WHAT YOU ARE ASKED TO DO
Repeat the listing below word for word, minus the pictures.

DATA BELOW
====

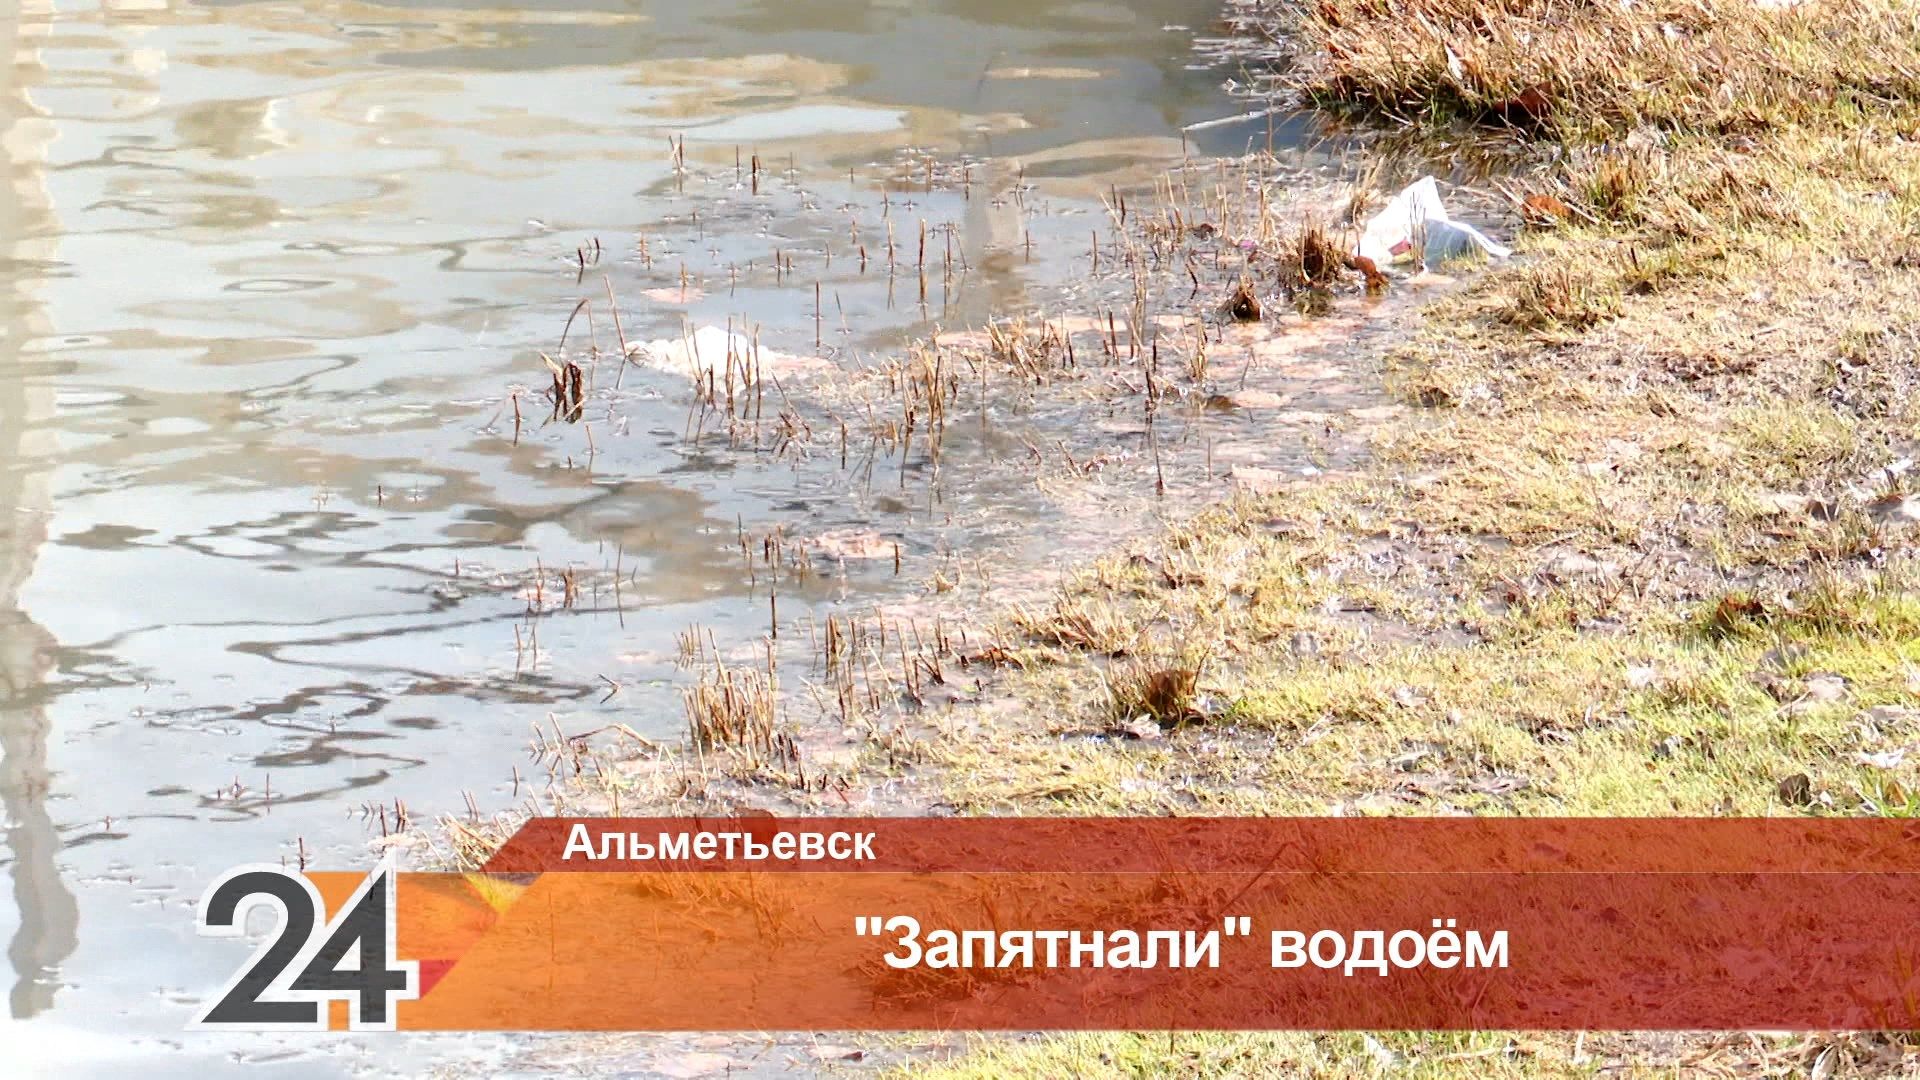 Масляное пятно в парке Альметьевска вызвало обеспокоенность местных жителей
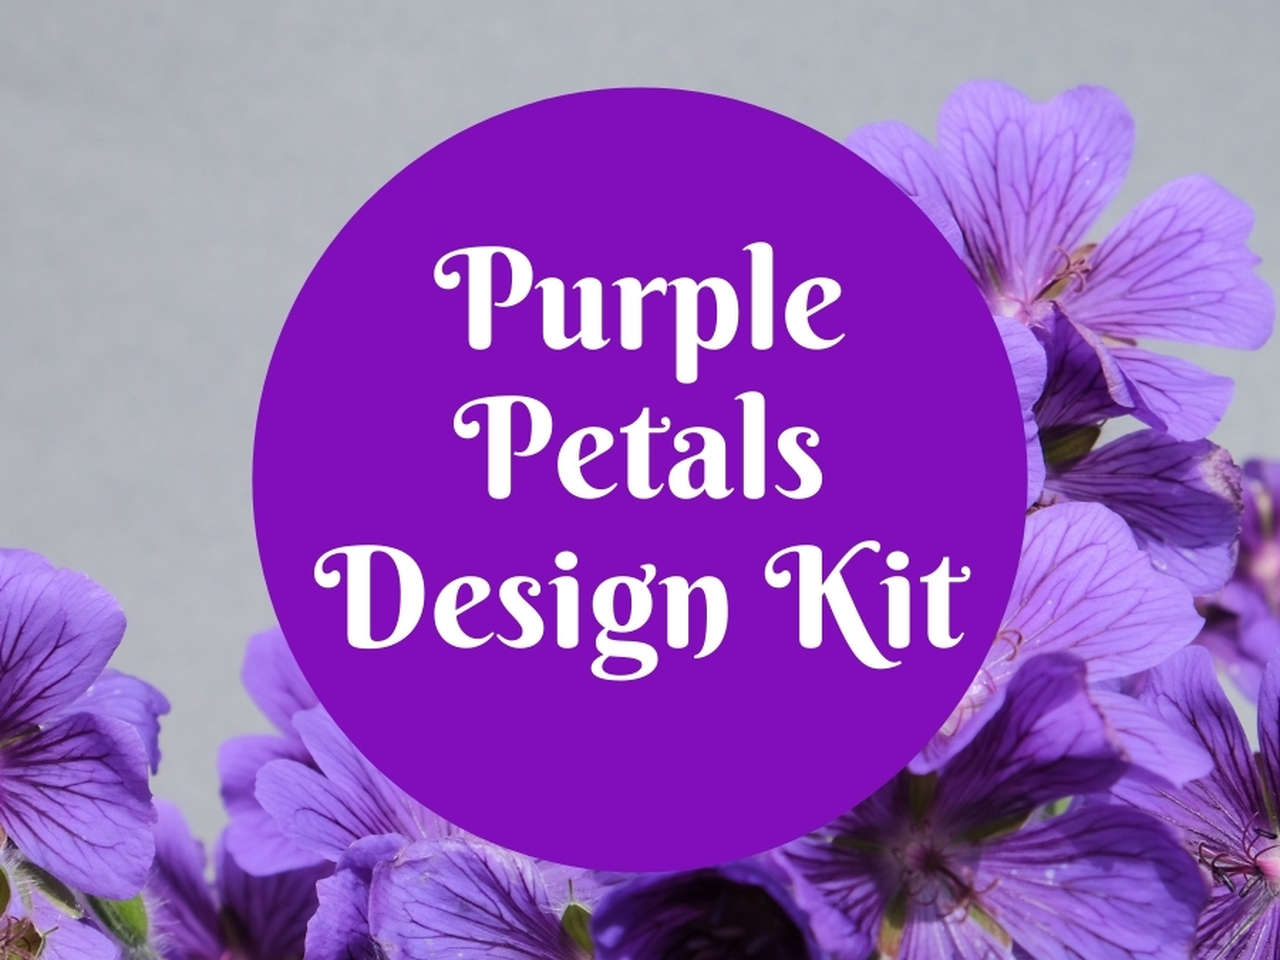 Shop our Design Kits!
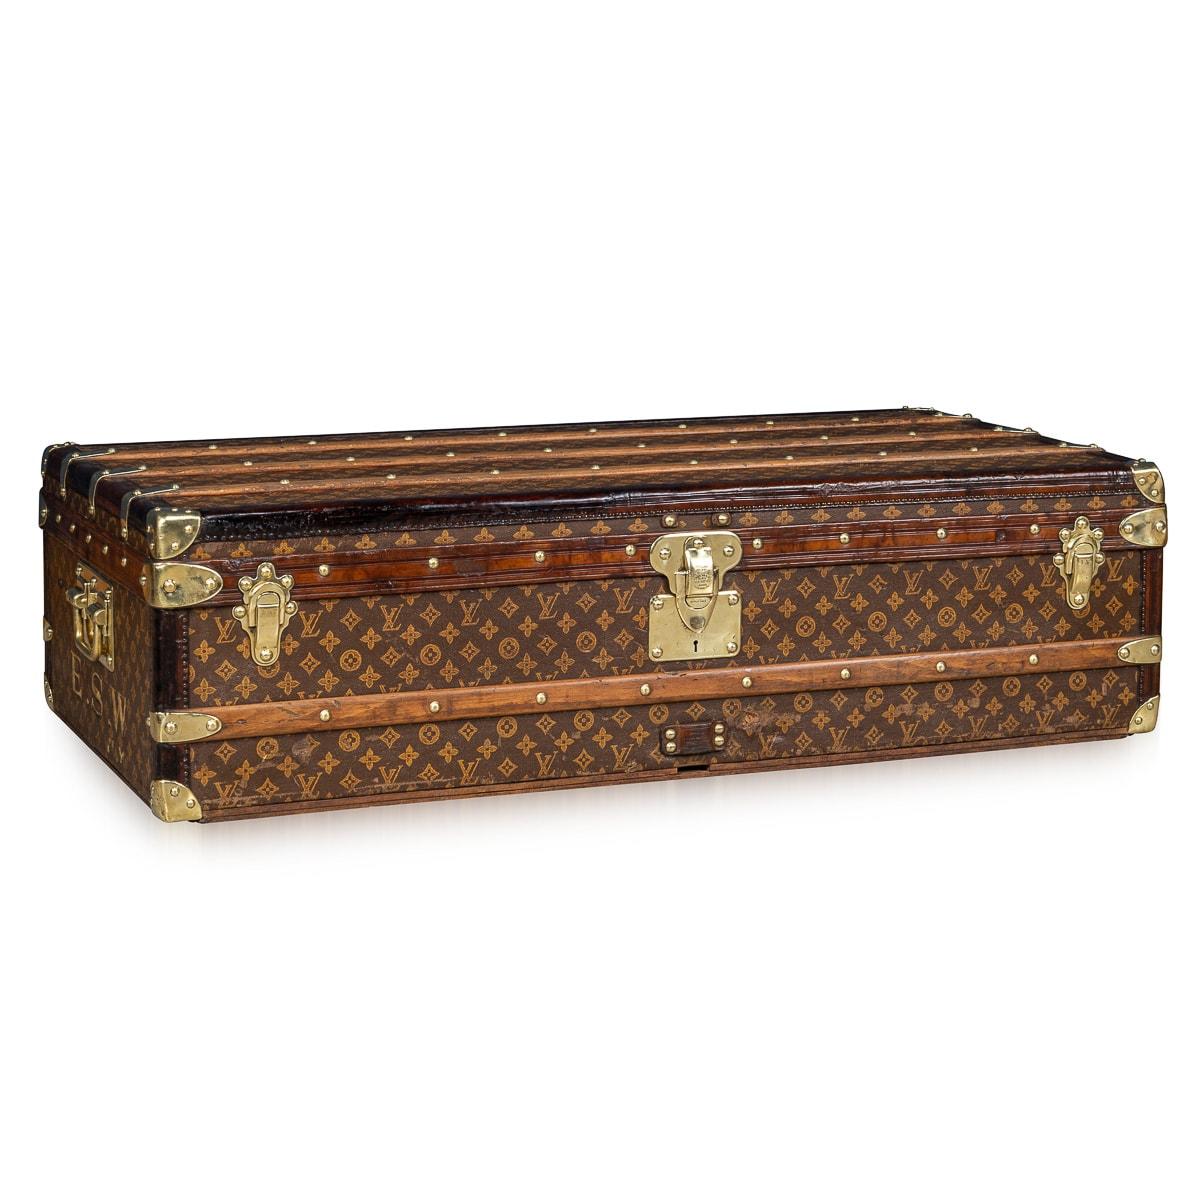 Eine exquisite und vollständige Louis Vuitton-Truhe aus der ersten Hälfte des 20. Jahrhunderts. Der Koffer ist ein unverzichtbarer Gegenstand für die reisende Elite seiner Zeit. Er ist mit dem kultigen LV-Monogramm aus Segeltuch verziert, das von

====

RESULT OF THE EXERCISE
 Масляное пятно в парке Альметьевска вызвало обеспокоенность местных жителей
 Shop our Design Kits!
 Eine exquisite und vollständige Louis Vuitton-Truhe aus der ersten Hälfte des 20. Jahrhunderts. Der Koffer ist ein unverzichtbarer Gegenstand für die reisende Elite seiner Zeit. Er ist mit dem kultigen LV-Monogramm aus Segeltuch verziert, das von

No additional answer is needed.